Money

Highly leveraged mortgages back at pre-crisis peak


What does the chart show?
It illustrates the growing proportion of UK mortgage lending at loan to value (LTV) ratios of 90 per cent or higher. Figures from the Bank of England last week found this type of lending had reached its highest level as a share of the total since the financial crisis, topping 18.7 per cent of all lending in the first three months of 2019.

The data appeared in a July report published by the BoE’s Financial Policy Committee, which monitors potential risks to the financial system. It is based on product sales data from the Financial Conduct Authority and the central bank’s own calculations. 

What’s behind this growth trend? 
Competition in the mortgage market has been steadily heating up, with lenders battling for business by offering low interest rates on fixed-rate mortgages, sweetening deals with fee discounts or waivers. 

First-time buyers are particularly active in the market and their mortgages are often at the higher end of the LTV spectrum. Lenders traditionally demanded bigger compensation on these mortgages by charging higher interest rates. In the past five years, though, the average rate on a two-year fixed rate mortgage for a 95 per cent LTV loan has dropped from 5.35 per cent to 3.25 per cent. Similarly, rates on five-year fixes have fallen from 5.58 per cent to 3.64 per cent over the same period, according to figures from finance website Moneyfacts. 

The number of fixed-rate deals on offer to those with a deposit of just 5 per cent has risen from 149 in July 2014 to 336 this month, Moneyfacts said, another illustration of the intensifying battle for customers. 

Should I be worried about this increased risk?
You may be, but the Bank of England is sanguine in its analysis.
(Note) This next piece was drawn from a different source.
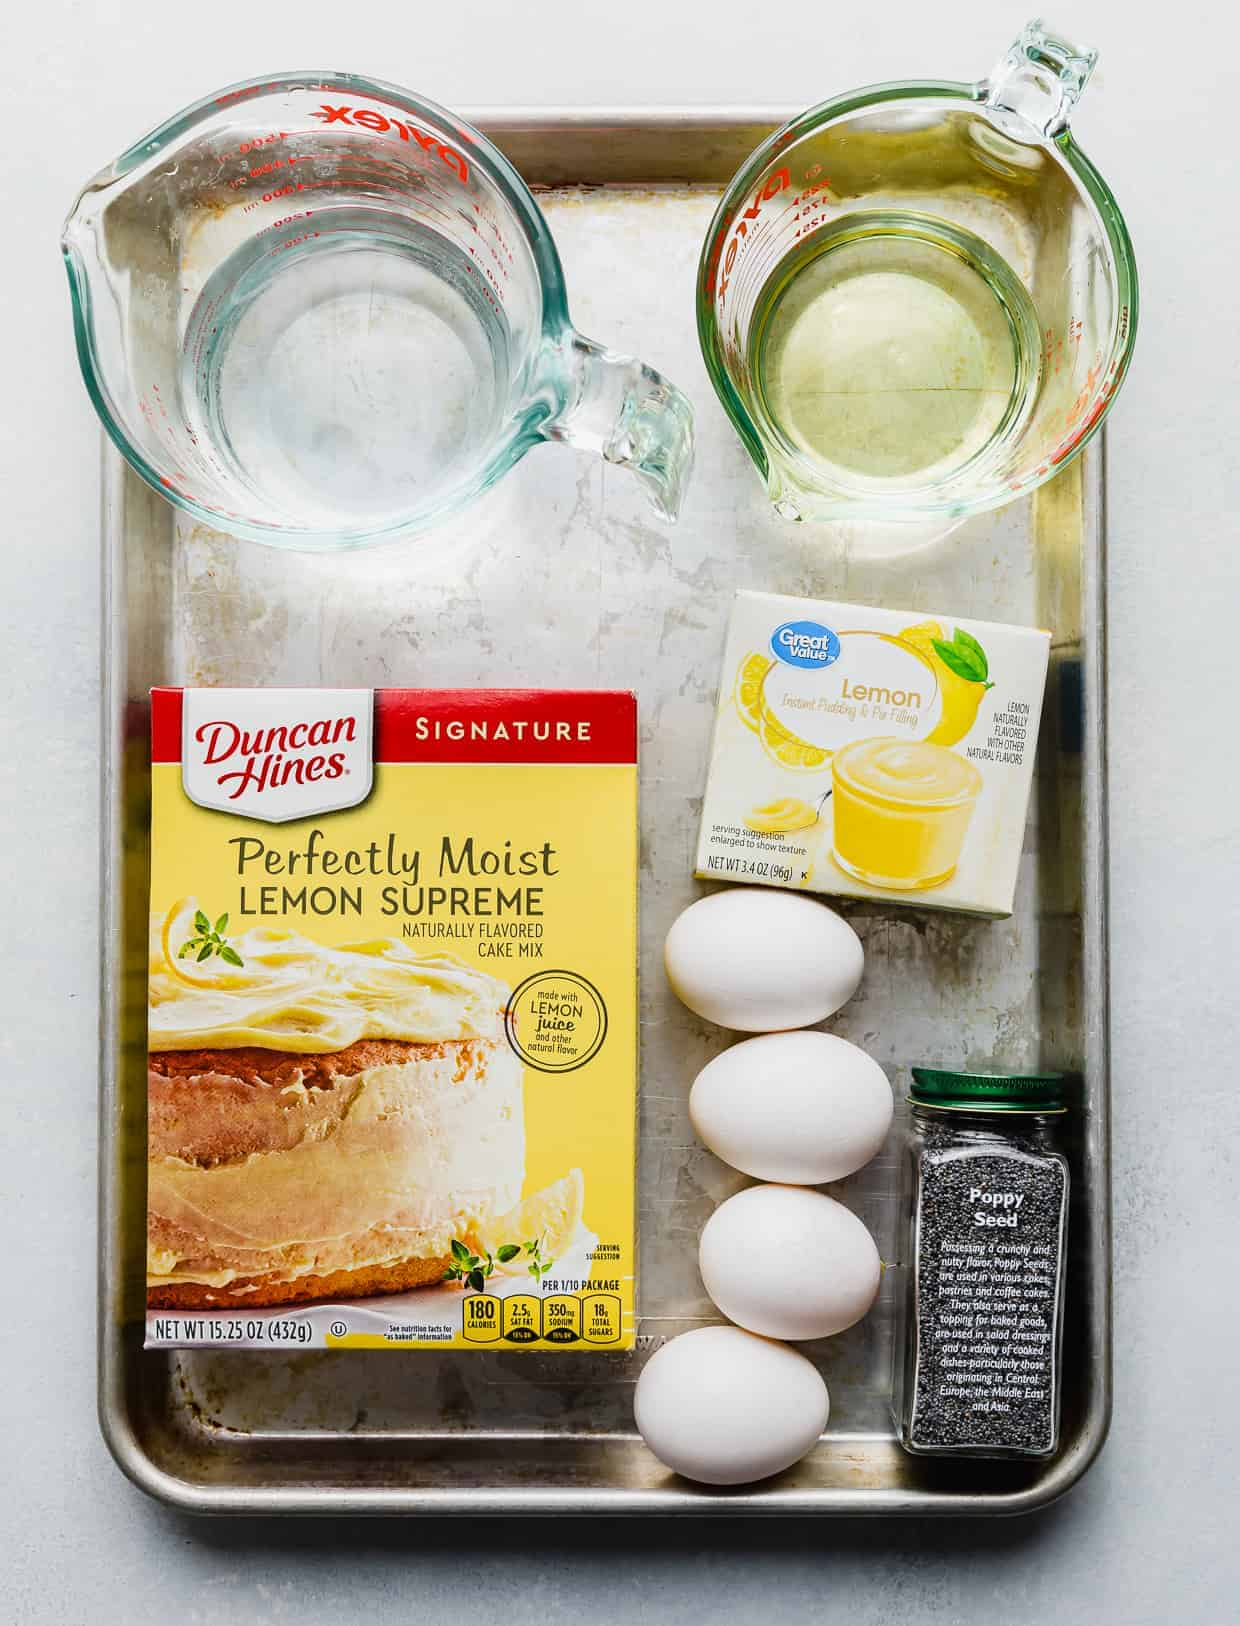 Ingredients used to make lemon bread on a baking sheet: lemon cake mix, water, oil, eggs, lemon pudding mix, and poppy seeds.
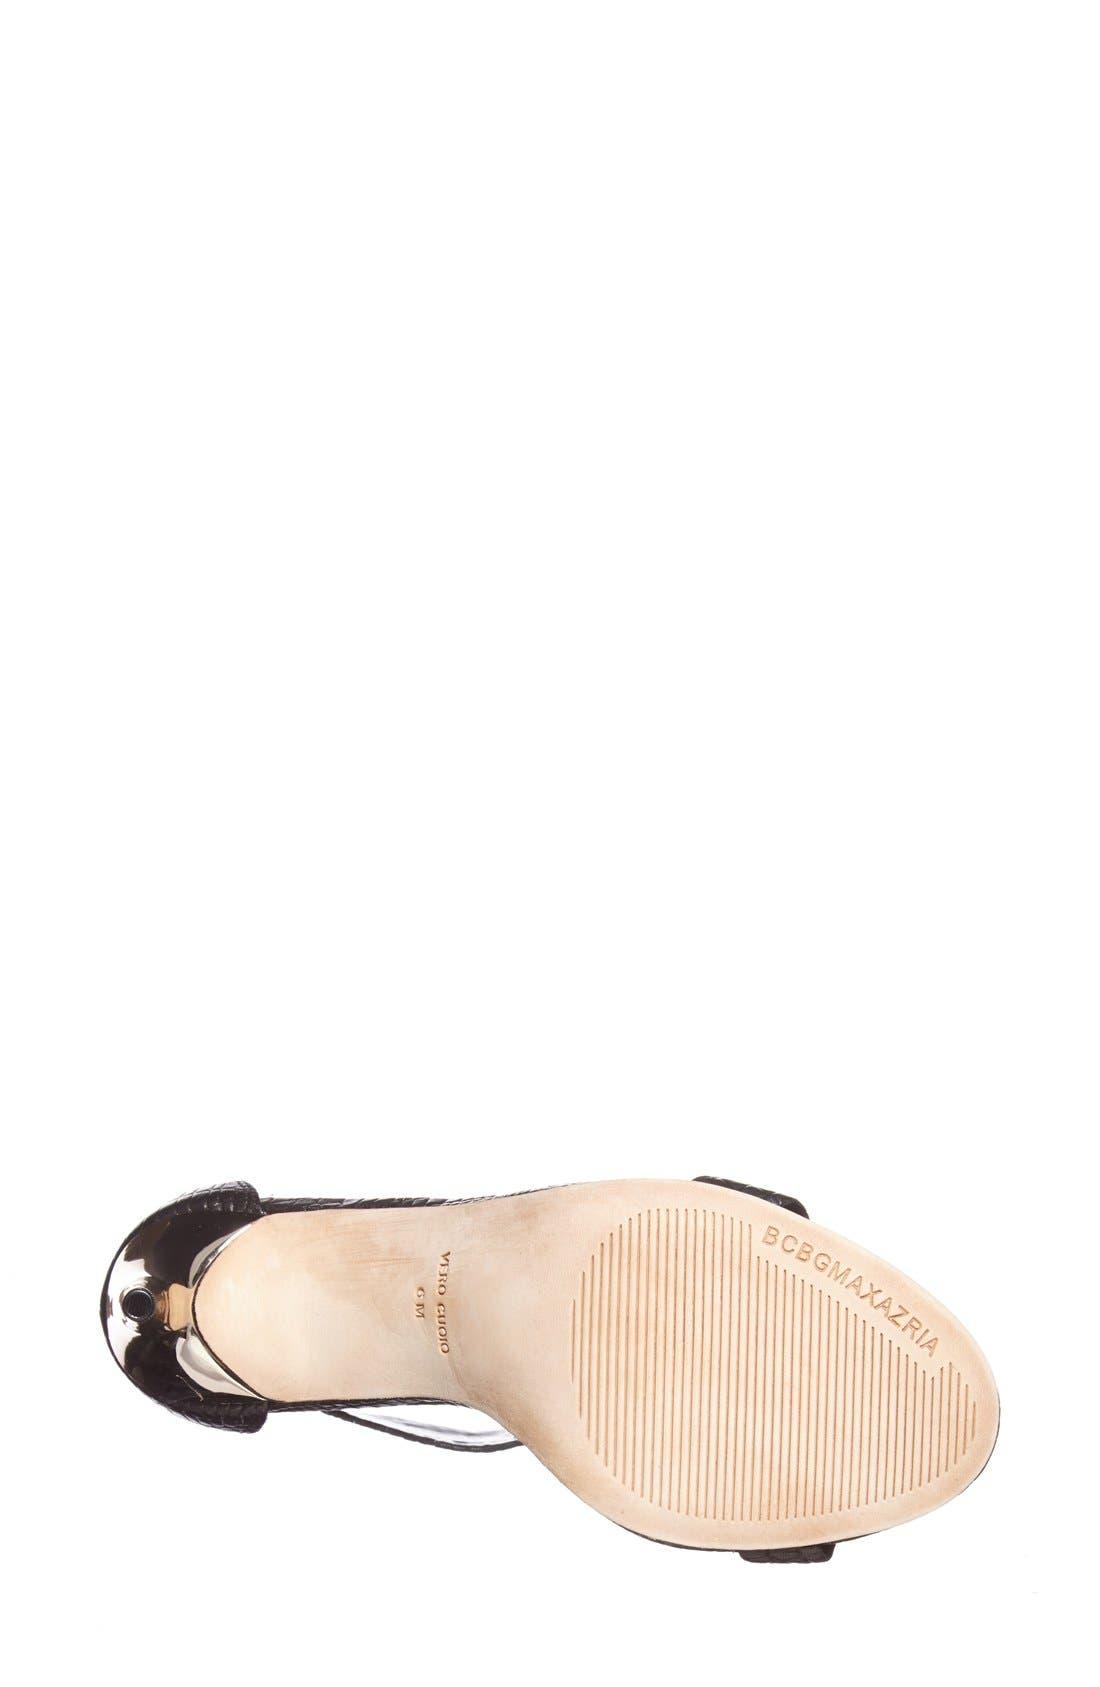 BCBGMAXAZRIA, 'Polaris' Sandal, Alternate thumbnail 6, color, 001

It says the share of households with a mortgage service ratio (a ratio measuring mortgage debt as a percentage of income) above 40 per cent remains low, at 1-1.4 per cent over the past 18 months. Anything above that 40 per cent level and borrowers are much more likely to run into difficulties with their monthly repayments.

The BoE added that the wave of attractive deals on offer from lenders had not resulted in a flood of new demand from borrowers. Mortgage debt rose by 3.2 per cent in the year to May, which it said was “broadly in line with household incomes and significantly below the growth rates seen in the decade prior to the crisis.” People have also been taking out longer-term loans, which boosts their ability to make smaller repayments. 

So, nothing to see here? 
Not entirely. The FPC’s role is to look out for potential disruption or instability in the financial system and it has suggested Brexit may be a factor that could lead to a resurgence in the demand for cheap mortgages. At the moment, uncertainty over the political outlook is leading many people to put off moving or buying. But if more clarity emerges over the UK’s departure from the EU, the Bank says that “borrower demand could rebound significantly, and by more than economic growth.” 

What about interest rates?
The Bank’s tempered outlook for UK growth has led markets to conclude that a rate rise is unlikely in the short term. As a result, the swap rates that guide lenders’ pricing of their loans have been moving down recently. 

Mark Harris, chief executive of mortgage broker SPF Private Clients, says: “The cost of funds has fallen, meaning lenders could, if they wanted, reduce rates even further. While a race to the bottom is not what lenders want, they would rather hit targets than sit on a pile of cash, so we could see even cheaper mortgage rates.”